[Dataset section Boundary: Start]
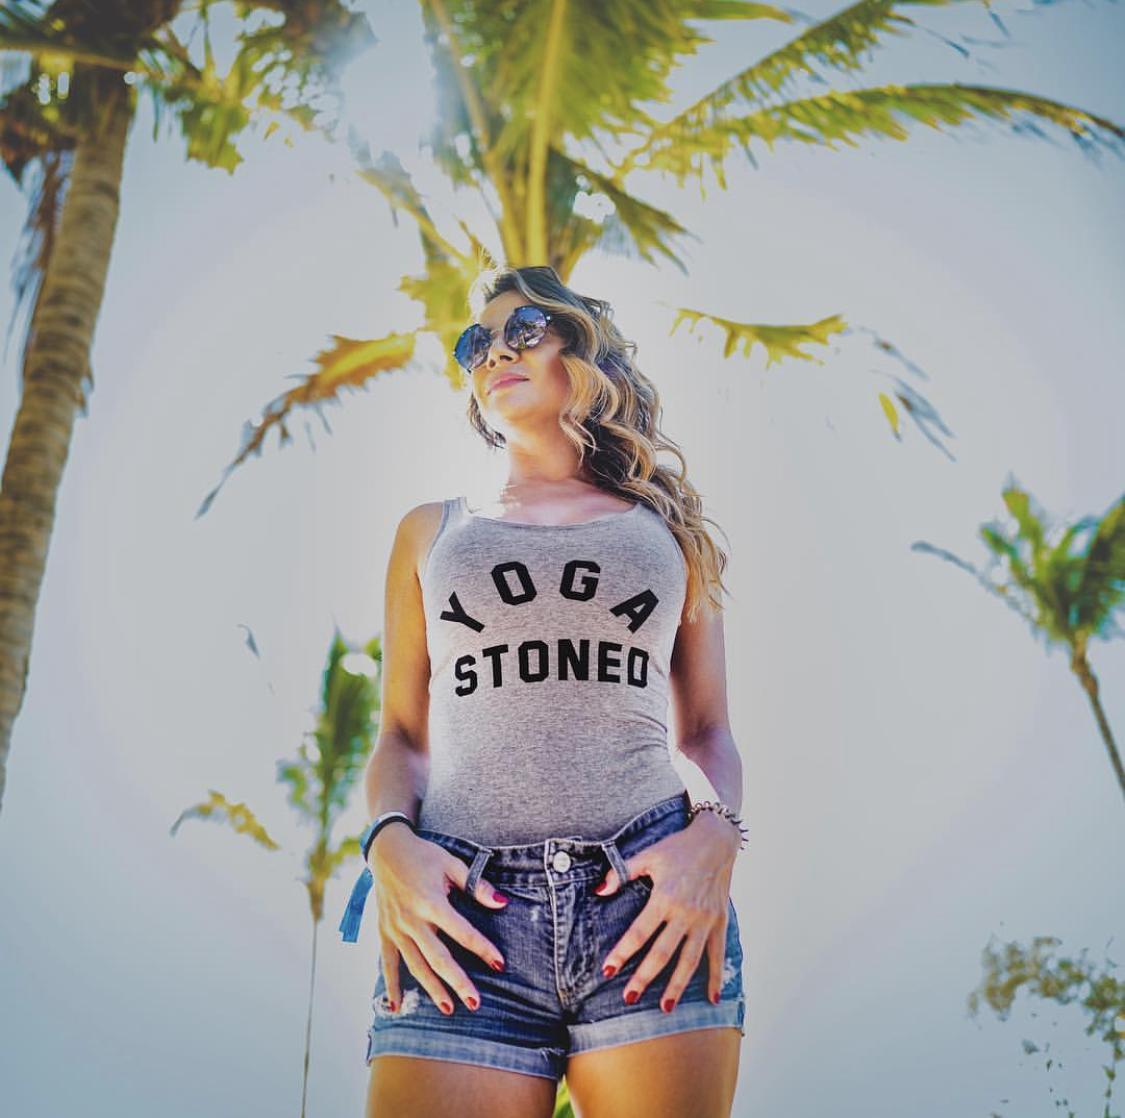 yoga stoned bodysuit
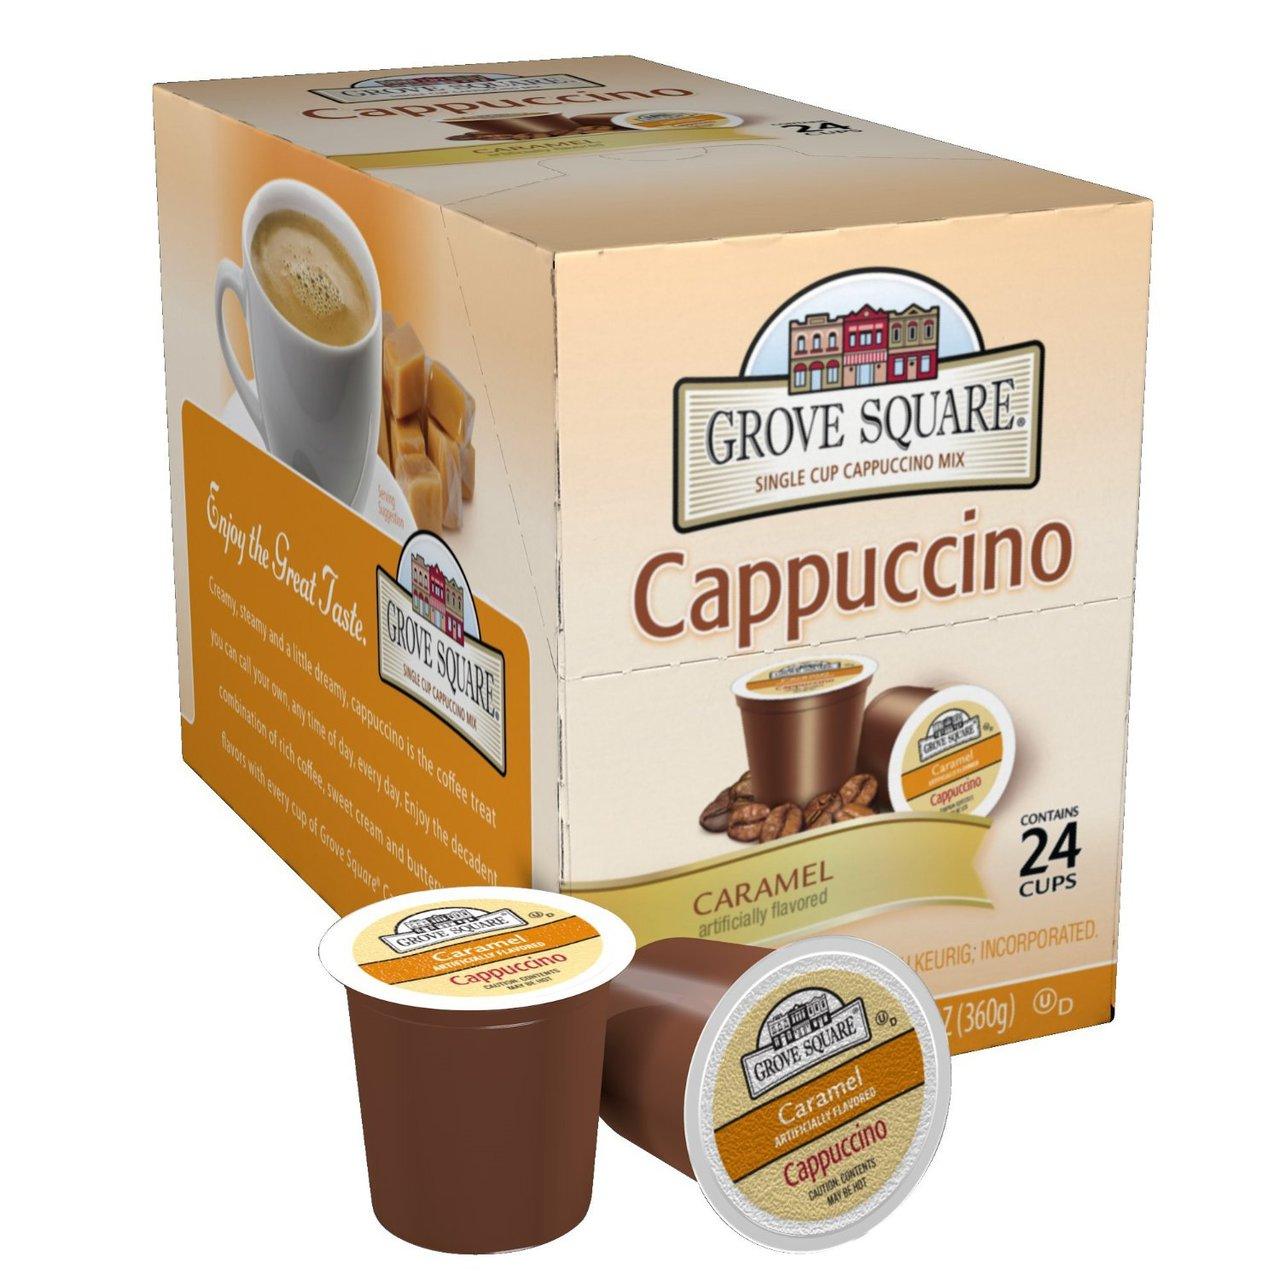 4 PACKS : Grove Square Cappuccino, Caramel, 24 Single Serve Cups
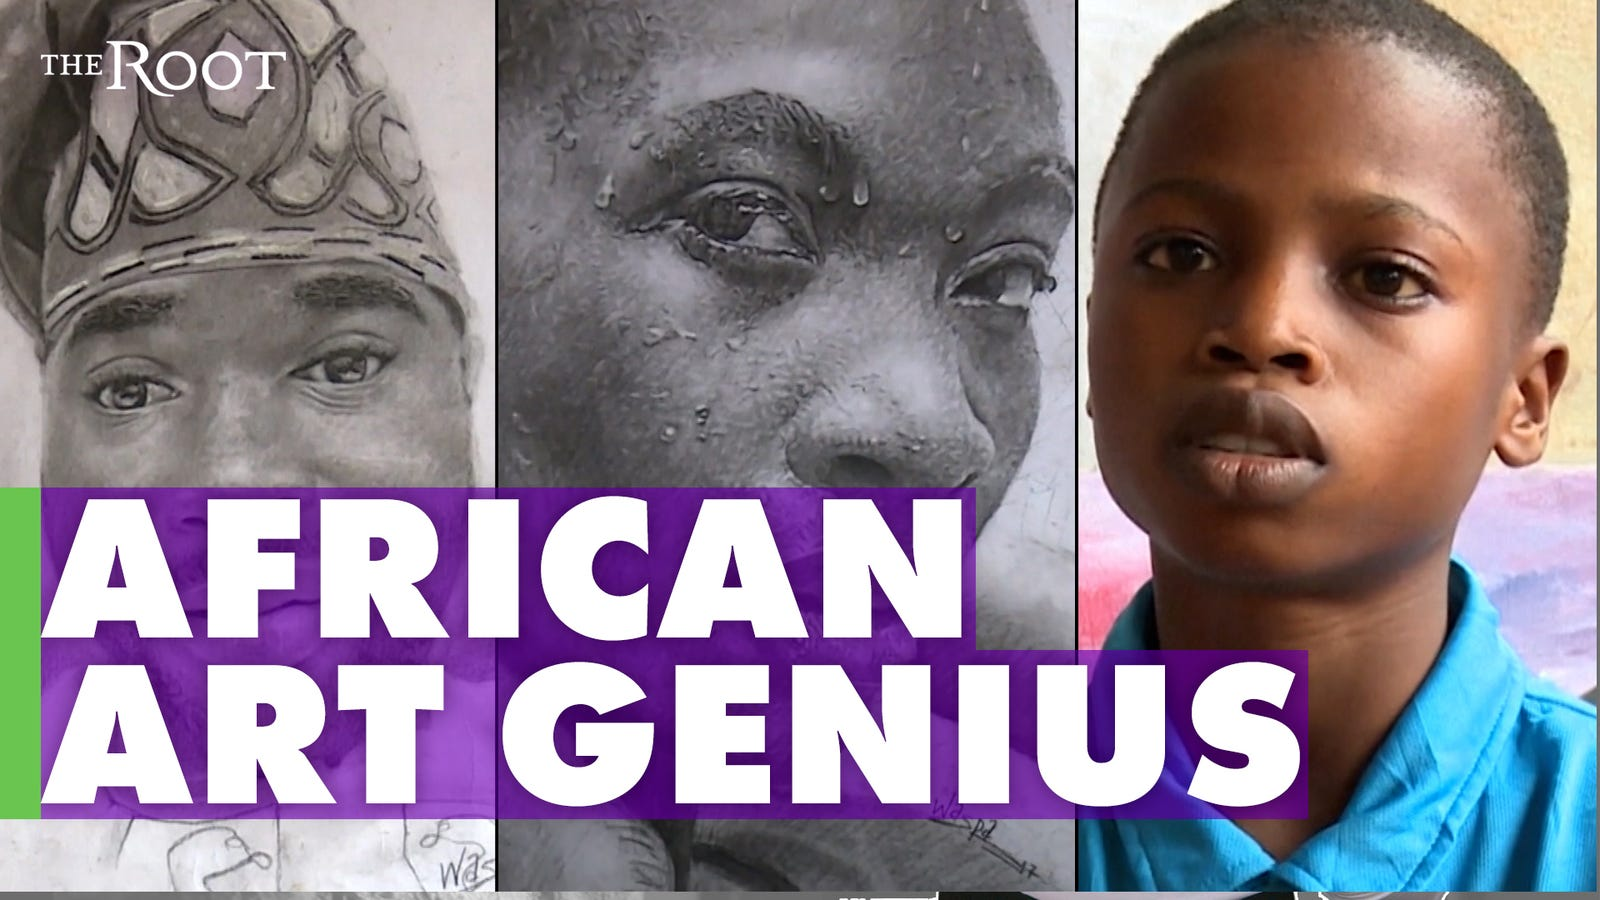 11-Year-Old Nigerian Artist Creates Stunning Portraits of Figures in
[Dataset section Boundary: End]
_Requirement_
Once the pictures are set aside, please output all the data word for word.

_Response for this exercise_
 yoga stoned bodysuit
 4 PACKS : Grove Square Cappuccino, Caramel, 24 Single Serve Cups
 11-Year-Old Nigerian Artist Creates Stunning Portraits of Figures in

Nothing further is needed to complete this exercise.